Cappadocia extends from Mount Taurus and Lycaonia up to the Pontic Sea. The name is Persian and arose thus. A certain Persian [named Cappadocus?] was present at a hunt with Artaxerxes, or some other king, when a lion sprang upon the king's horse. This Persian happened to be in that part of the hunting company, and drawing his sword rescued the king from his imminent danger and killed the lion. This Persian therefore ascending the highest mountain in the neighbourhood received as a gift from the king as much territory as the human eye could take in, looking east, west, north, and south.14

XXI (95)

The Celtiberians have a peculiar manœuvre in war. When they see their infantry hard pressed, they dismount and leave their horses standing in their places.

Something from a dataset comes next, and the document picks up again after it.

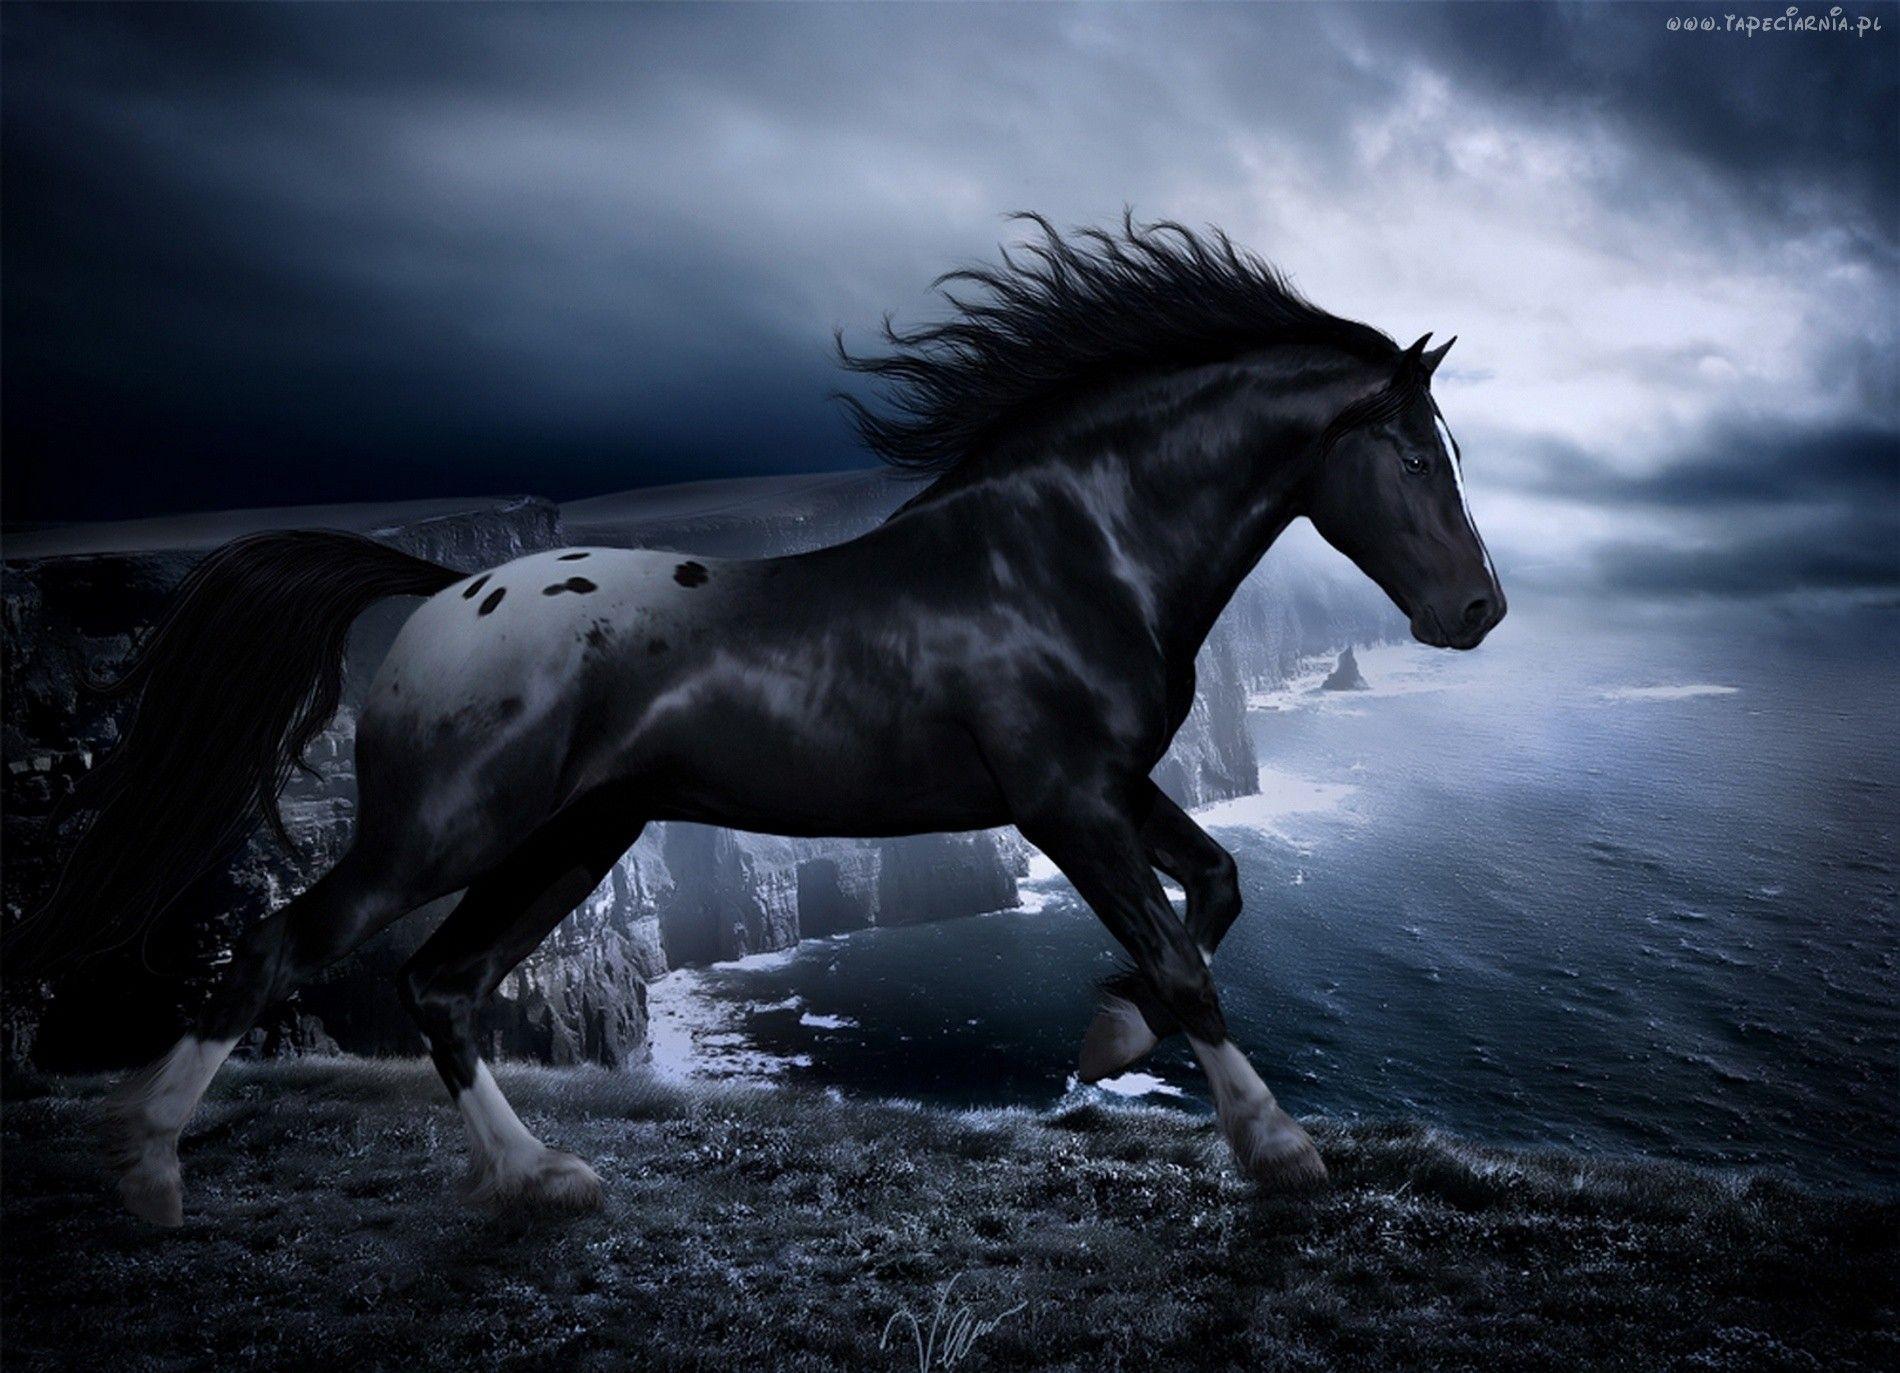 Dark Horse Wallpapers - Wallpaper Cave

They have small pegs attached to their leading reins, and having fixed them carefully into the ground, they train their horses to keep their places obediently in line until they come back and pull up the pegs.

XXII (96)

The Celtiberians excel the rest of the world in the construction of their swords; for their point is strong and serviceable, and they can deliver a cut with both edges. Wherefore the Romans abandoned their ancestral swords after the Hannibalian war and adopted those of the Iberians. They adopted, I say, the construction of the swords, but they can by no means imitate the excellence of the steel or the other points in which they are so elaborately finished.15

XXIII (102)

The Roman praetor Marcus16 wished to get rid of the war against the Lusitani, and laying aside war altogether, to shirk— as the saying is—"the men's hall for the women's bower," because of the recent defeat of the praetor by the Lusitani.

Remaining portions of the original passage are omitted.